Adam, tavuk keser gibi insan kesiyor ve "cihat" yaptığını iddia ediyor. Böyle bir cihat anlayışını sorgulamayacak mıyız?

Dînî hayatımız "sevab"a endekslenmiş durumda. Herkes sevap kazanıp cennetten arsa almak peşinde.
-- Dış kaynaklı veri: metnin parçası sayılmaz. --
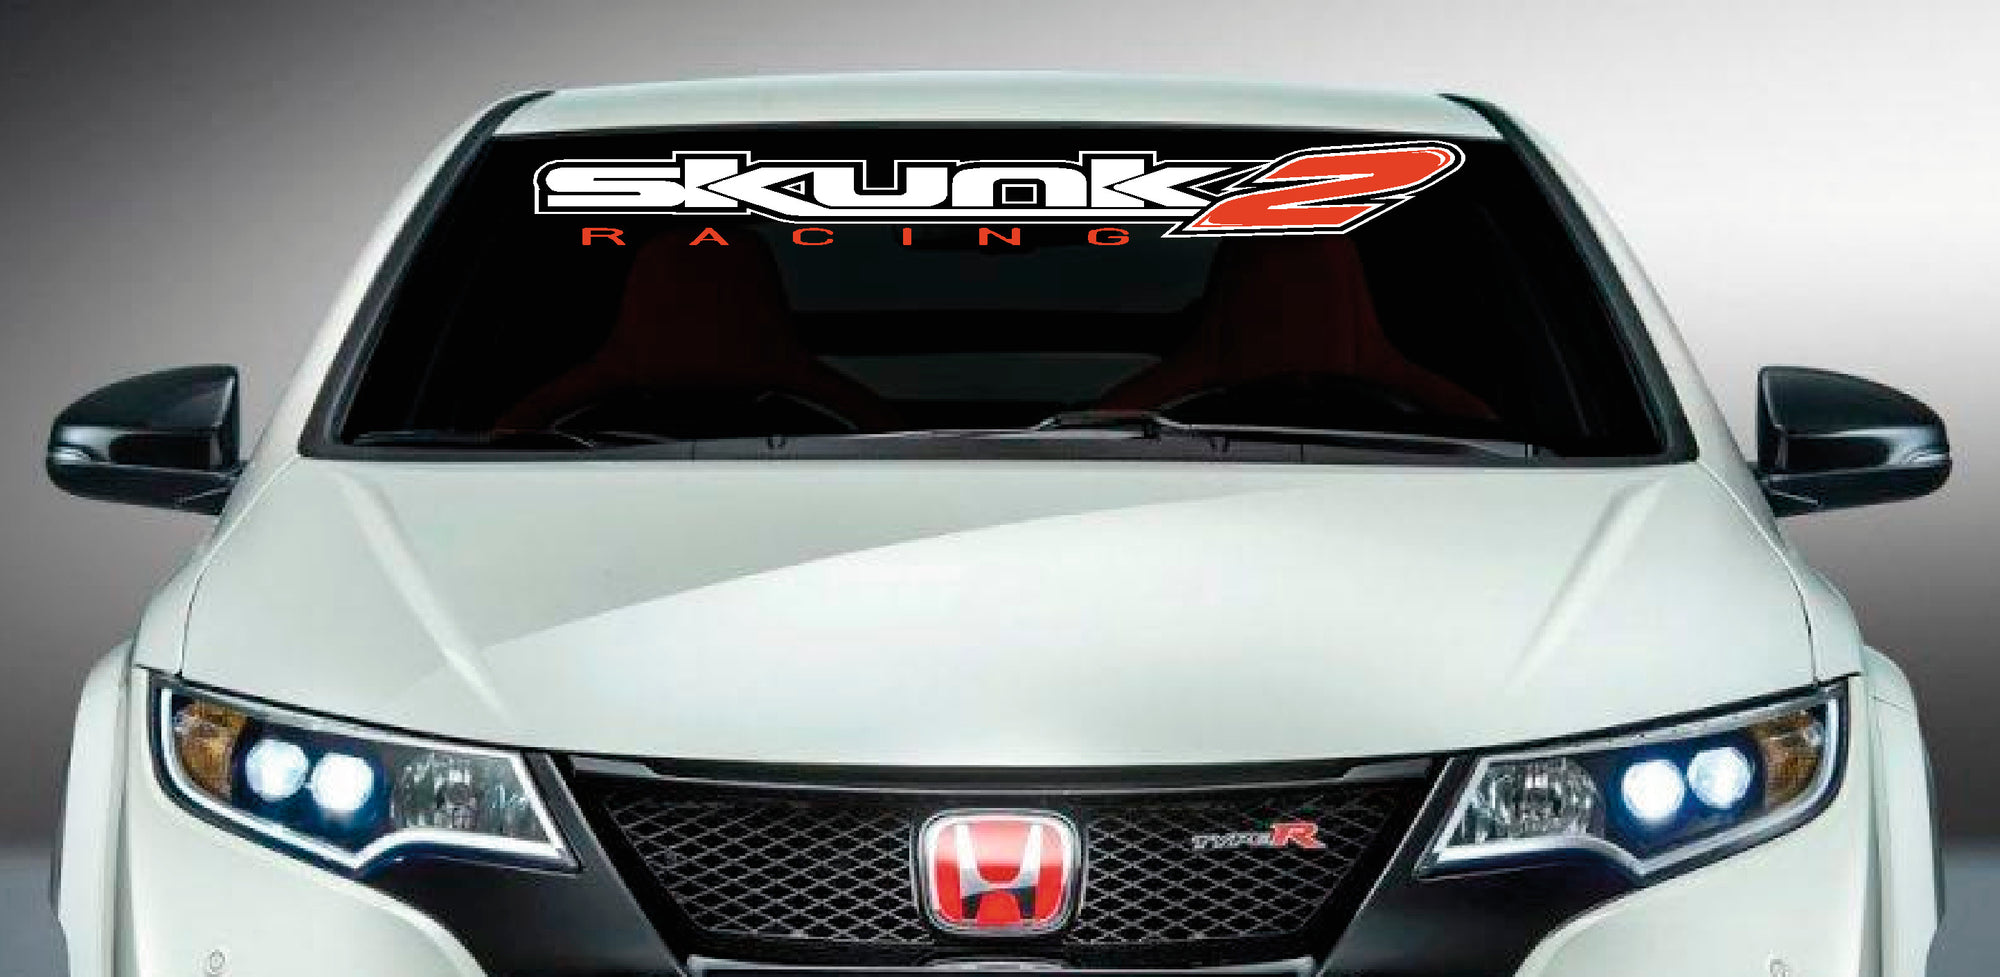 Skunk2 Racing windshield sticker

Dinin içtimaî yönünü hatırlayan yok.

27 kat daha fazla sevap kazanabilmek için birbirlerini ezerek ön saflarda namaz kılan, bilahare de son durakta belediye otobüsünden inip evlerinin yolunu tutan kalabalıklar misali camiden çıkıp sessizce dağılan Müslümanlar "cemaat"le namaz kılmış olurlar mı?

Zekatını tahsildara vergi ödercesine hesaplayıp eli titreye titreye veren, fî-sebîlillah "infak" söz konusu oldu mu ortalıkta görünmeyen, "Hacca 3 defa gidebildim ama 'umre'yi hiç aksatmam, her yıl giderim" diyen hacı amcanın hac ve umre anlayışı doğru mudur?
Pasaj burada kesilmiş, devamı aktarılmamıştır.